Board of Trustees Attendance Policy

Adopted by Board Resolution 2024-1 on 9 March 2024

Policy Purpose

The purpose of this policy is to set a clear, shared expectation for meeting attendance in line with trustees’ legal and fiduciary duties, as well as the governance needs of the organization.

Policy

  • Trustees are expected to attend 100% of all regularly scheduled formal board meetings (three quarterly meetings plus one retreat) each year. Physical or virtual presence counts for attendance, though in person participation is highly encouraged.
  • While attendance is not tracked for informal monthly board meetings, trustees are expected to make reasonable efforts to attend most of these meetings, especially because a significant portion of board work occurs during these virtual meetings.
  • Special board meetings are rare and reserved for non-routine matters; however, quorum must be reached in order to conduct business so trustees should make every effort to attend.
  • Committee members are expected to show their commitment to committee work by attending most of the regularly scheduled meetings. Committee members will be supplied with the meeting schedule well in advance.
  • Trustees may occasionally miss meetings due to circumstances beyond their control such as illness, travel schedules, jury duty, etc.
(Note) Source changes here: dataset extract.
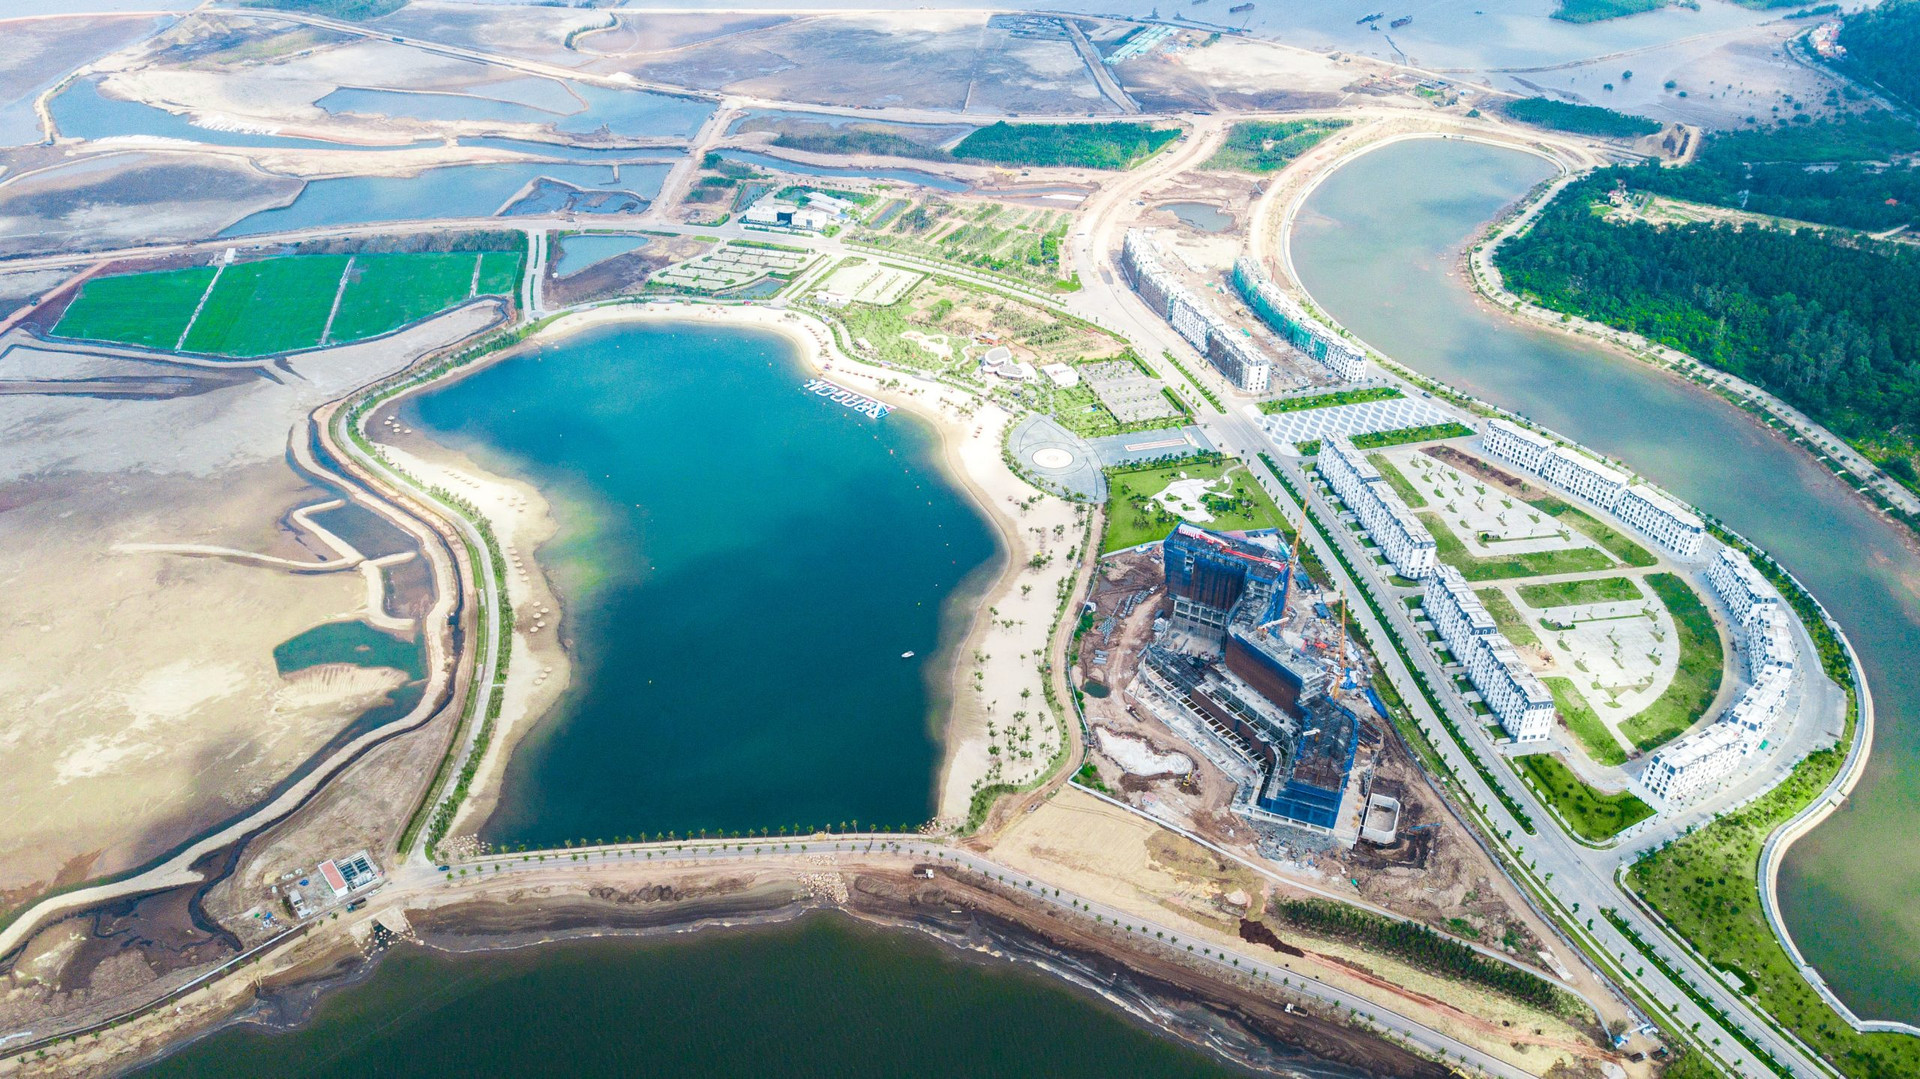 Một doanh nghiệp địa ốc muốn rót 5.000 tỷ đồng vào dự án tỷ đô Đồi Rồng do Geleximco phát triển ở Hải Phòng - Ảnh 1.

These will generally be considered “excused” absences provided trustees notify the Board Chair or Committee Chair and Board Liaison of meetings they know they will miss in advance, or shortly thereafter if the absence was due to an unforeseen reason. “Silent failure” (i.e., missing a meeting without notification) will be considered an unexcused absence.

Procedure

  • Minutes of the formal and special board meetings and committee meetings will include trustees in attendance, as well as those trustees with excused/unexcused absences.
  • Trustees are fiduciaries of the organization and if it becomes apparent that the cumulative effect of missed meetings interferes with that obligation, then the Chair of the Governance Committee will initiate a conversation to determine the reason for absences. The Chair of the Governance Committee will also notify the Chair of the Board of Trustees.
    • Committee chairs may refer unexcused absences to the Governance Committee for review and action.
  • If, after an initial conversation with the Chair of the Governance Committee, any trustee remains in breach of the policy, the Chair of the Governance Committee will bring the matter to the Governance Committee at large who will then refer it to the Board of Trustees for action. Trustees also have the opportunity to resign and/or step down from a committee or the board.
  • If the absences are by the Chair of the Governance Committee, the Chair of the Board of Trustees will initiate a conversation to determine the reason for absences and will refer the matter to the Governance Committee at large who will then follow the process as previously outlined (i.e., refer the matter to the Board of Trustees for action).
  • Per the Internet Society’s Amended and Restated Bylaws, Section 3., trustees in breach of the policy may be removed by a vote of two thirds of the trustees then in office. Trustees being considered for removal shall be entitled to speak to present their case to the Board of Trustees.

Guidance and Interpretation

If you have questions about this policy or need additional guidance on how to proceed, please contact the current Chair of the Governance Committee.